The core issue is that email was never designed with sender verification in mind. SMTP, the protocol that moves email between servers, will happily deliver a message claiming to be from bankofamerica.com regardless of whether Bank of America actually sent it. Authentication protocols like SPF, DKIM, and DMARC were layered on to address this, and they work well at the server level — a properly configured receiving server can detect forged sender addresses and block them.
But authentication is invisible to users. When a legitimate email passes all authentication checks and arrives in your inbox, there’s no visual indicator that says “this email was verified.” It looks exactly like any other email. BIMI bridges that gap by giving authenticated senders a visible trust signal: their brand logo.
How BIMI Works
BIMI operates through a chain of verification:
Step 1: DMARC enforcement. Before a brand can use BIMI, it must have DMARC (Domain-based Message Authentication, Reporting, and Conformance) implemented at an enforcement level — meaning the DMARC policy must be set to either “quarantine” or “reject” for messages that fail authentication. This ensures that only authenticated emails from the domain are delivered. A DMARC policy of “none” (monitoring only) doesn’t qualify.

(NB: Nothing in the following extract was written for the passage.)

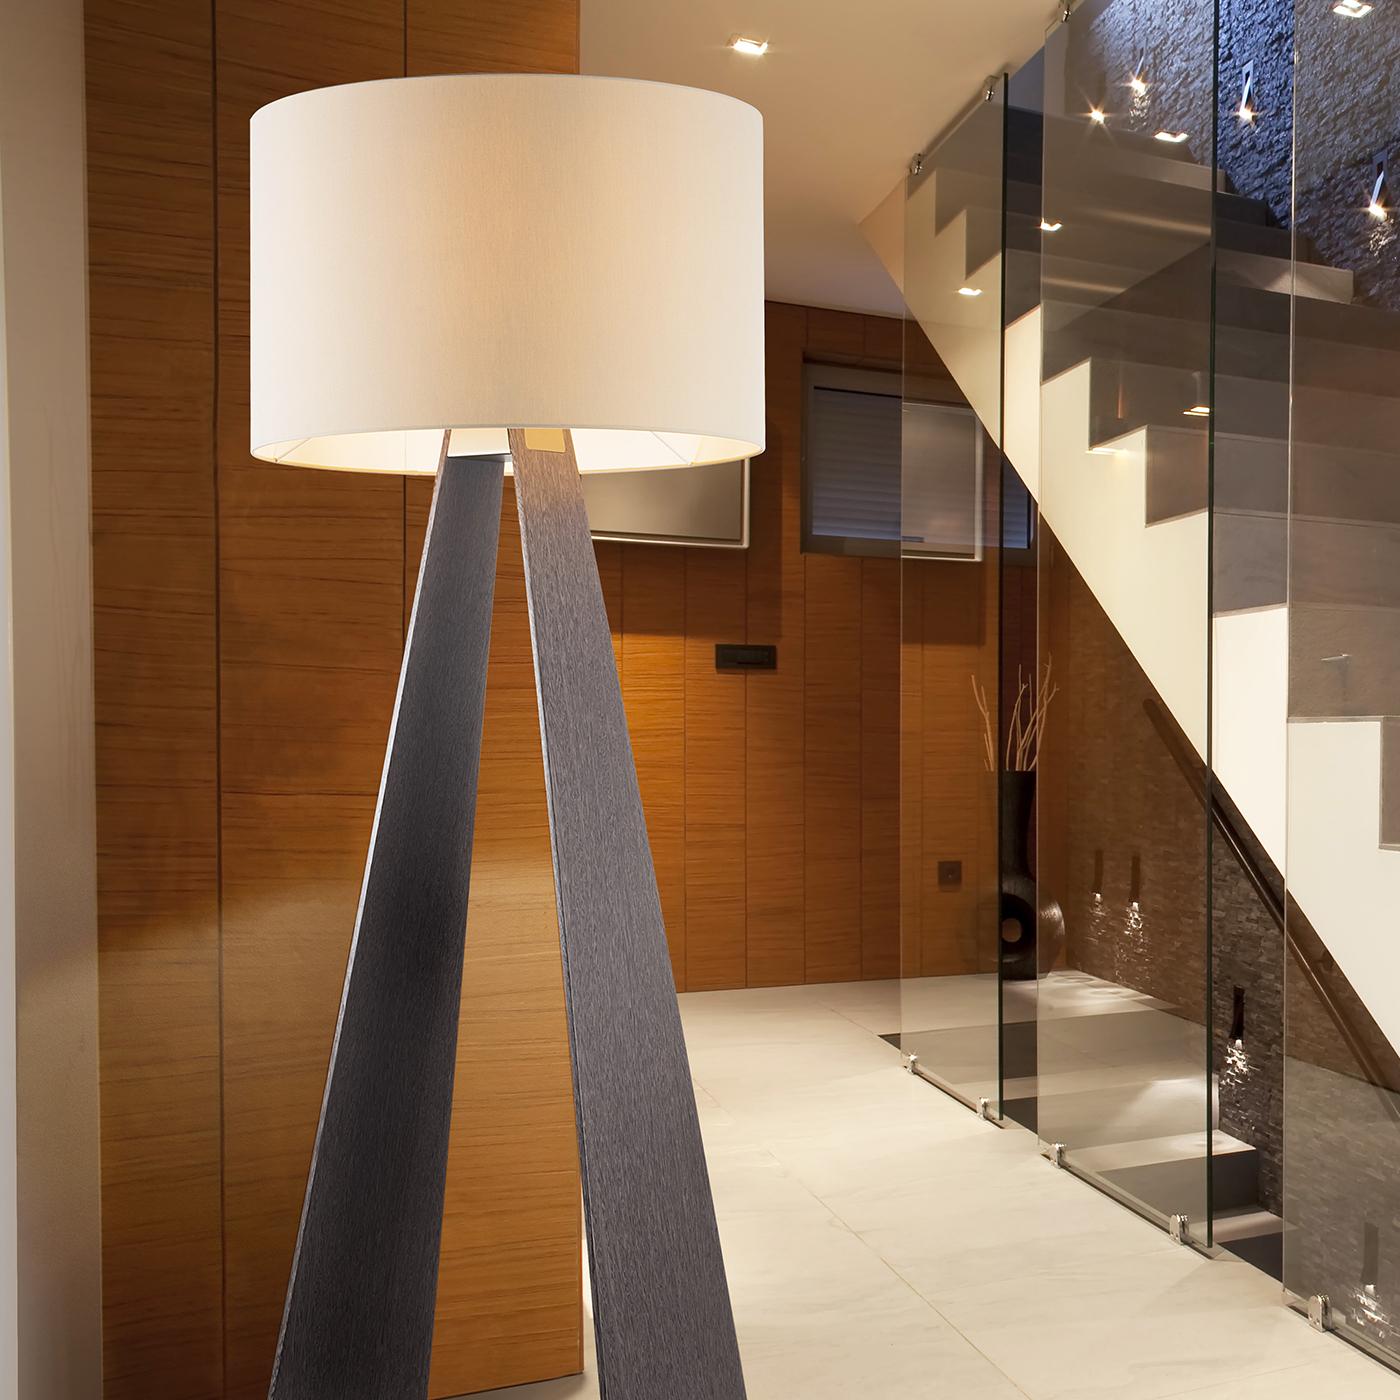 An astounding example of dynamic lighting design, this superbly stylish floor lamp is crafted in a choice of white lacquered oak, precomposed natural oak or precomposed natural teak, forming an A-frame as the main structure. Complimenting the clean

Step 2: BIMI DNS record. The brand publishes a BIMI record in its DNS, pointing to an SVG (Scalable Vector Graphics) file of its logo. The SVG must meet specific format requirements — a particular profile called SVG Tiny Portable/Secure (SVG P/S) — designed to ensure logos render consistently across email clients.
Step 3: Verified Mark Certificate (VMC). For most email providers, particularly Gmail, the brand must also obtain a VMC from an approved certificate authority (DigiCert or Entrust, as of 2025). The VMC process requires the logo to be a registered trademark, verified through the certificate authority’s validation process. This step prevents bad actors from slapping a fake logo on their BIMI record.

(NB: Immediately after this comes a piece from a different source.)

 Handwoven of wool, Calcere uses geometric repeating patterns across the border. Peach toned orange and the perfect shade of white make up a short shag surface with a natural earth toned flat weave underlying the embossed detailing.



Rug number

Step 4: Display. When a BIMI-enabled email client receives a message that passes DMARC authentication and has a valid BIMI record (and VMC, where required), it displays the brand’s logo next to the message in the inbox.
The Adoption Curve
Gmail began supporting BIMI in July 2021, immediately making it relevant for 1.8 billion users. Apple followed with iOS 16 and macOS Ventura in September 2022, adding BIMI support to Apple Mail. Yahoo Mail, which had been involved in the standard from early on, also supports it.
The biggest holdout has been Microsoft Outlook. As of 2025, Microsoft has participated in BIMI working groups and conducted pilot tests but has not broadly deployed BIMI support in Outlook. Given Outlook’s dominance in corporate email, this gap limits BIMI’s impact in the B2B space.

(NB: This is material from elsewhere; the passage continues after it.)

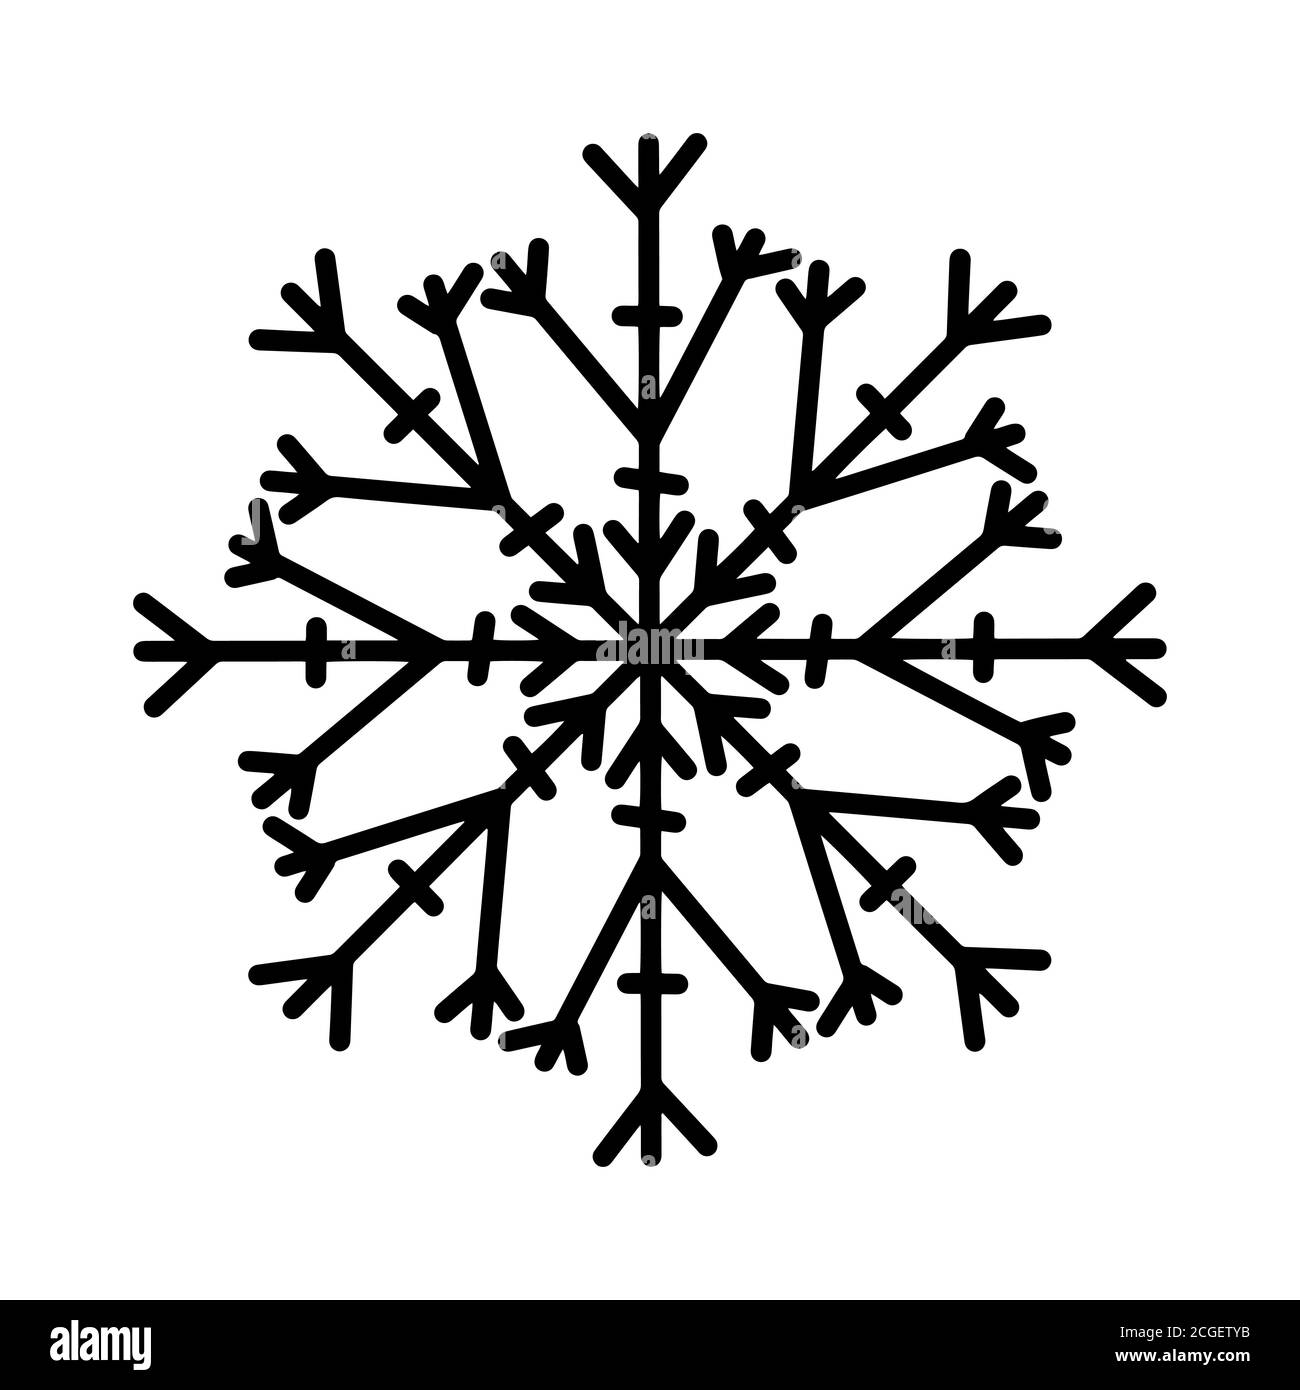 Hand drawn snowflake icon. Isolated on white background. Stock Vector

Early adopters included major brands with both the resources and the motivation to implement BIMI. CNN, Bank of America, LinkedIn, and numerous other large organizations were among the first to display verified logos. For these brands, the visual trust signal was particularly valuable — they were common targets for phishing impersonation.
The Cost Question
BIMI implementation isn’t free. The VMC from DigiCert or Entrust typically costs $1,200 to $1,500 per year per logo. The logo must be a registered trademark, which itself involves application fees and legal costs. And the prerequisite DMARC enforcement requires technical configuration that many organizations haven’t completed.
For large enterprises, these costs are trivial. For small businesses, they represent a meaningful barrier. A local bakery or a small online store — exactly the kind of business that might benefit from visible trust signals — may not have a registered trademark or the budget for a VMC.
This has led to criticism that BIMI disproportionately benefits large, well-resourced brands while leaving smaller senders without the same trust signals. Proponents counter that the VMC requirement is essential to prevent abuse — without trademark verification, anyone could claim any logo.
Impact on Email Marketing
For email marketers, BIMI offers a tangible benefit beyond trust: visibility. Early studies suggest that emails with BIMI logos see measurably higher open rates — one report from Red Sift and Entrust found approximately a 10% increase in open rates for BIMI-enabled emails, though results vary by industry and audience.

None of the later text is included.